You just need to skim the shaft between centers to get nearly a full cleanup, with a generous radius where it meets unworn area. Then take a piece of steel stock large enough to machine down to match a new pulley, bore it to fit very close to whatever size you ended up with on the existing shaft and perhaps even shrink it on. Just part it off at that point. Heat the sleeve, freeze the shaft.  Once you have it on and it's stable, back between centers and finish turn the OD. If it makes you more comfortable, drill a dimple thru the sleeve into the shaft for the set screw. HOWEVER..... 


My 1947 Delta has a keyed shaft, if I'm not mistaken, so there is a complication that requires a slot to be cut in the sleeve. Only has to be as long as the key, if there is one though. Hopefully, the shaft isn't so damaged that you end up machining it down enough to lose the keyway.


----------



## Cavediver (May 11, 2017)

No key on this one, just a chewed up shaft!


----------



## 4GSR (May 11, 2017)

I would cut the shaft off, drill and bore a hole about 1" into the cutter head, bevel the edge with a good weld bevel.  Then make a oversize stub shaft that would be a slip fit in the hole, even a slight interference fit, weld it in place.  Last machine the new stub shaft to size.


----------



## 4ssss (May 11, 2017)

Turn it down, shrink a bushing on it and turn it back to size.


----------



## benmychree (Jun 2, 2017)

I might (if I were you) take the head to a weld shop and have them build the shaft up with weld probably Tig weld with mild steel, bring it home and chuck the good end carefully for concentricity with the bad end held in a steady rest, then recut the center to make sure that the weld did not warp the shaft, then support it with the center and recut the shaft to the original size, and key it, then make or buy a new pulley, or possibly sleeve the old one if there is enough thickness to allow a sleeve that has enough wall thickness for a keyway.
Recutting the center is done with either a tool that can be adjusted to the correct angle (30 deg off the center line) or a center reamer (looks like a center drill with no straight portion, just a sharp point) a center drill will pretty much just follow the old pilot drill, but one can be held in a boring bar holder with the lips horizontal and be used like a boring tool, set out to enlarge the existing hole, then be set on center and be used to ream the center back to concentricity.


----------



## KBeitz (Oct 15, 2018)

Lathe a tapered hole in your pulley for an H bushing and your problems will go away...


----------



## Silverbullet (Oct 18, 2018)

Fix weld up the shaft and turn to size needed.

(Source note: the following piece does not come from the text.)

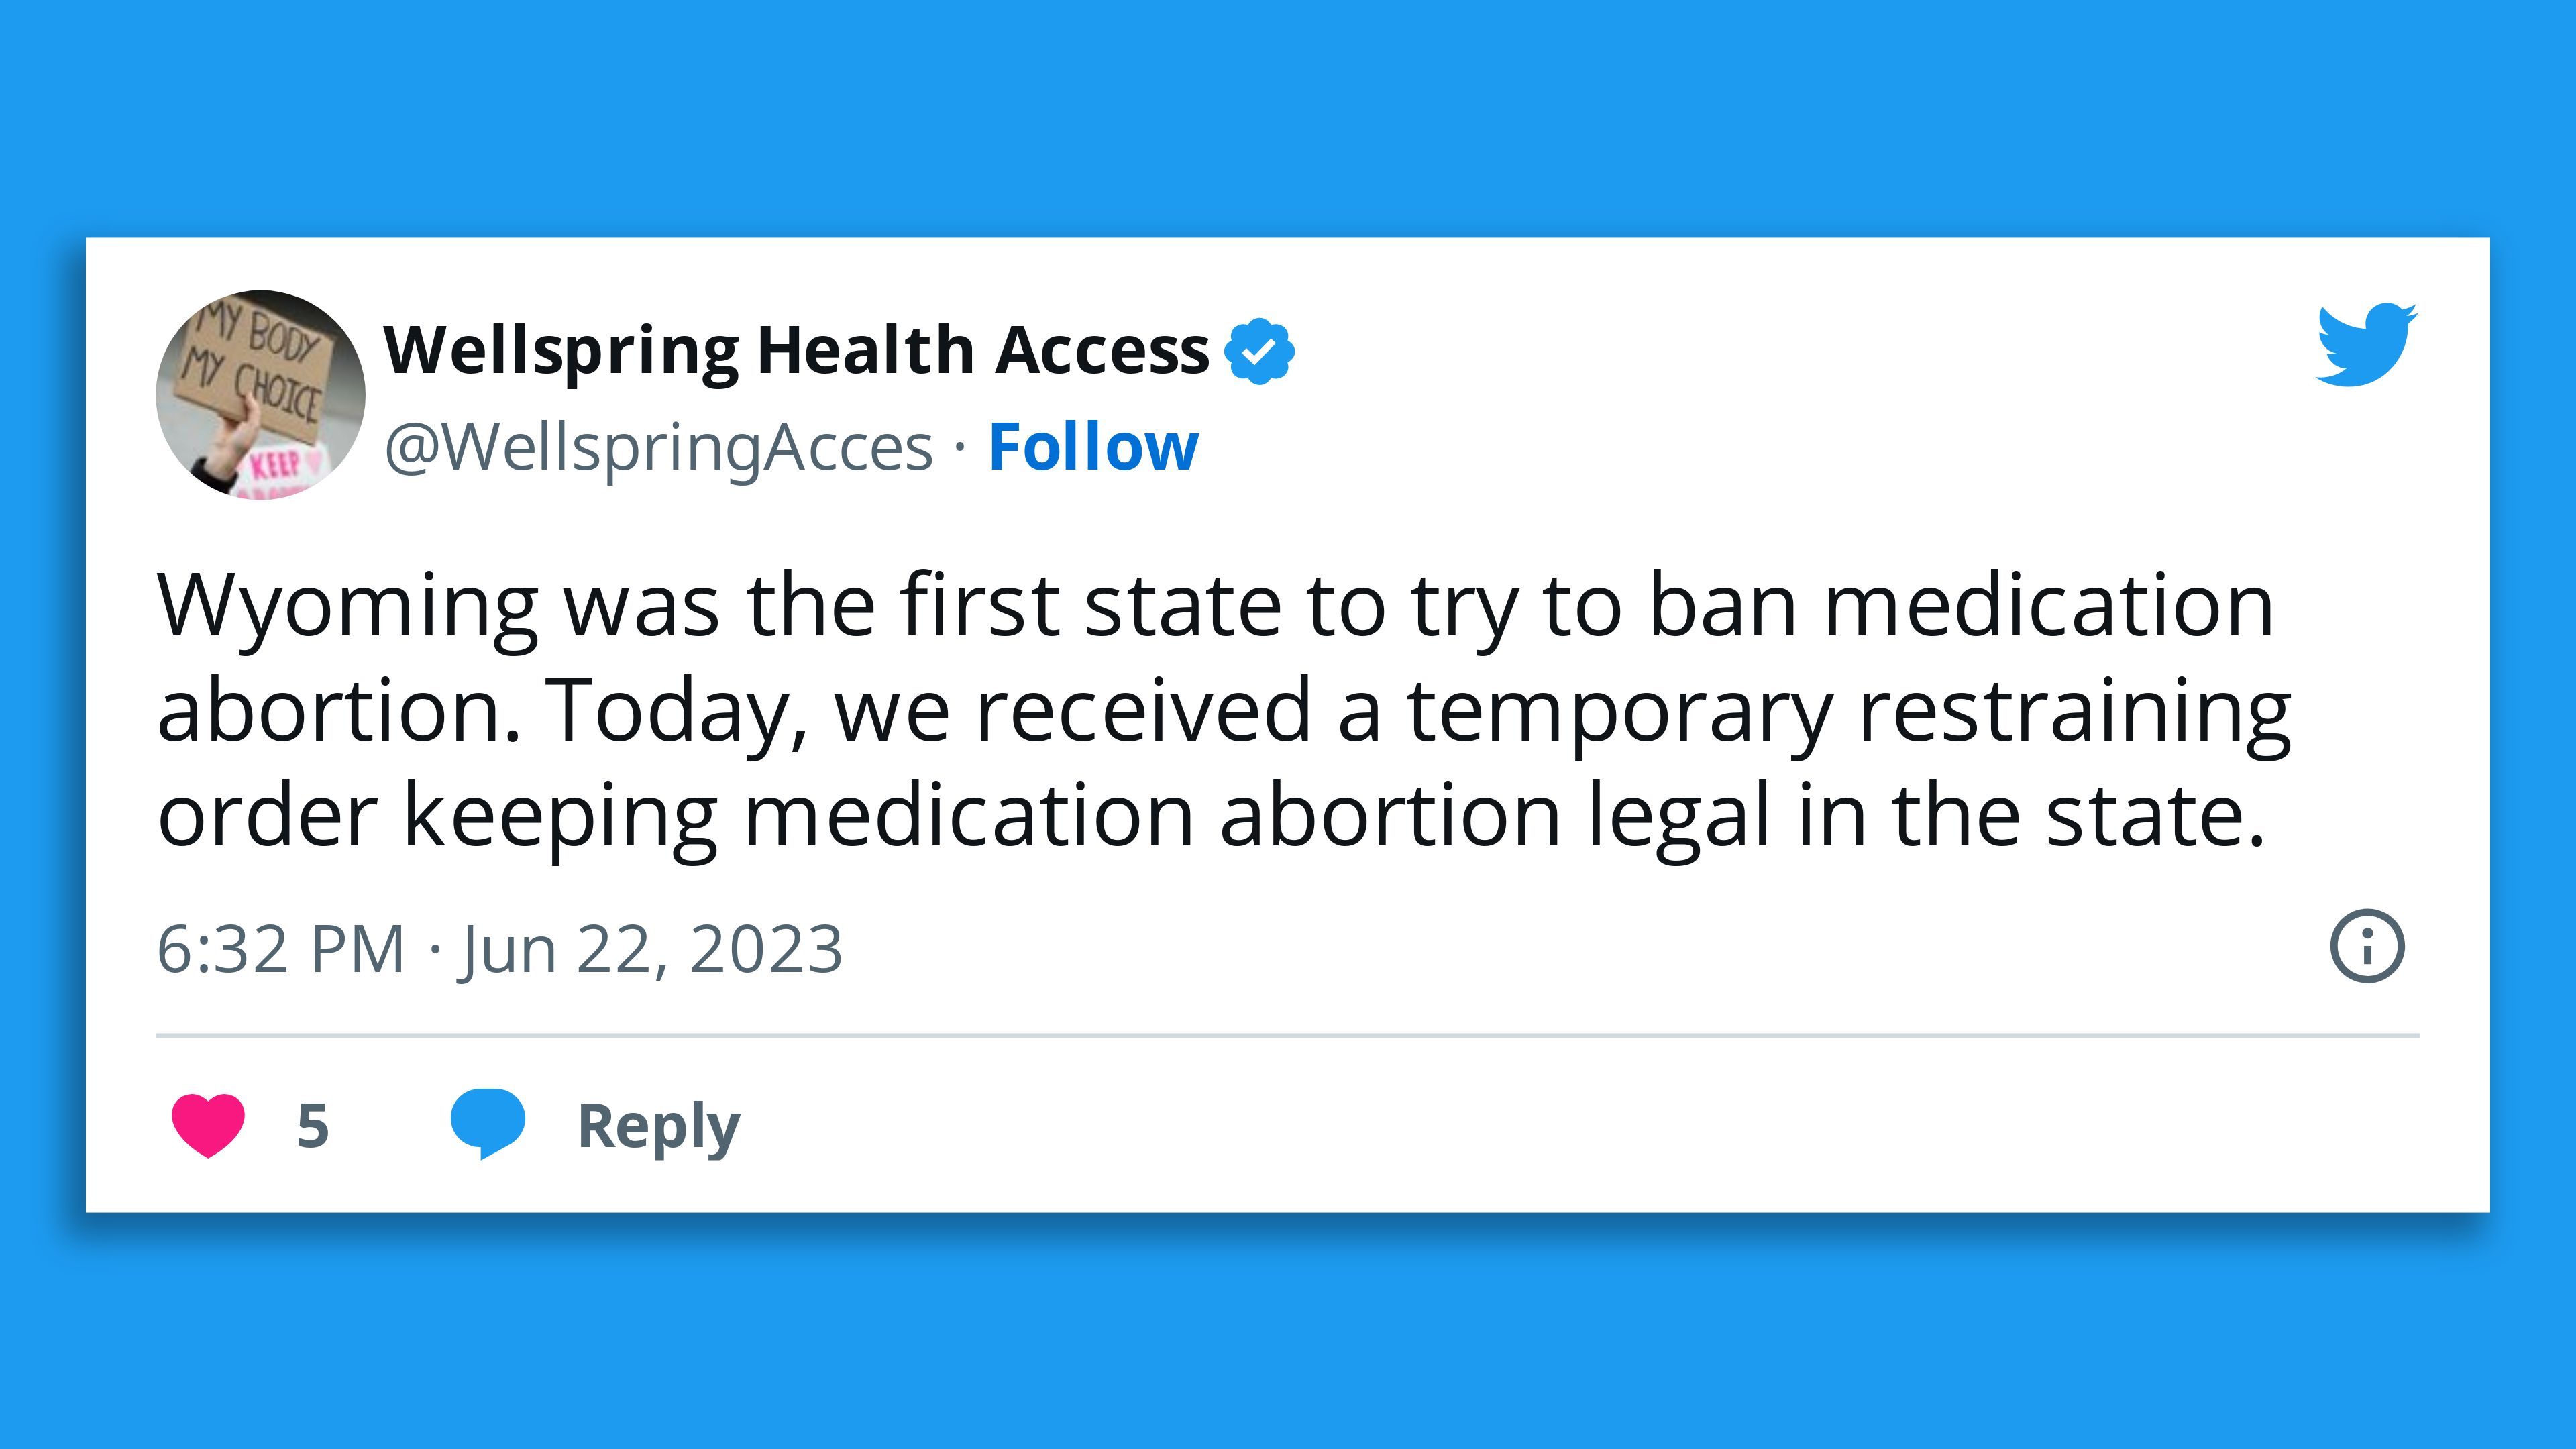 A tweet by abortion clinic Wellspring Health Access, saying: "Wyoming was the first state to try to ban medication abortion. Today, we received a temporary restraining order keeping medication abortion legal in the state."

Then I would use a woodruff cutter and use the size needed for pulley . Moon keys are better then straight type in my opinion . At least for this type of machine .


----------



## MarkM (Oct 18, 2018)

Here s a mandrel I made.  I couldn t get something dialed in and also wanted to add to the shop so I came up with the idea of a press fit of friction drive and also to be able to place it with the spacers where I want it.  Taper of 9985" to 1.0015".  Moved the tailstock over before finish size to come to this taper.  Used it a few times now.  I had the stainless off a propshaft given to me so cost me my time.   There s a bushing I used for a press fit and the larger boss as well a press fit.  Didn t have the stock diameter so had to use plate for that one.  So if you make one it s going to be a project so I d go the easy route and turn it down and bush the shaft.  Easy peasy!  Or have fun with a mandrel project.


----------



## P. Waller (Oct 19, 2018)

How do you turn a bore with a mandrel and tail stock in the way?


----------



## MarkM (Oct 19, 2018)

I offset my tailstock to turn the taper on the shaft.  The nut and washer for pressure with the right combination of washers for spacing. For example I can use a bushing like the one on the shaft for a brake drum where the bearing would go.  Like i said earlier it was to be able to run true.  This was a 42 ford pickup brake drum with a hub rusted and missing a lug bolt.  I didn t feel comfortable the way the jaws clamped the cast hub so that s what started that project.  Customer was a mechanic and said he would deal with the hub. A can of worms for sure!  I can also use it to inspect something with a slight lose fit spaced accordingly and also sqeeze something to turn.  That shaft with the two collars and the 60 degree shaft beside is used to put the tailstock back true.  Rather than take the chuck off and use a dead centre i ll recut that 60 degrees each time and run that shaft between centres and take a cut of each collar and measure. When the same it s straight.  I just use friction drive off the dead centre and take a very light cut.  The vfd with soft start helps with that.  You may have to take your chuck off and and put the dead centre in if you keep fighting the polish from the abrupt starts and spins. Maybe not. I first used a dead centre in the tailstock then checked my live centre. Same measurement again so all good now for accurate cuts.


----------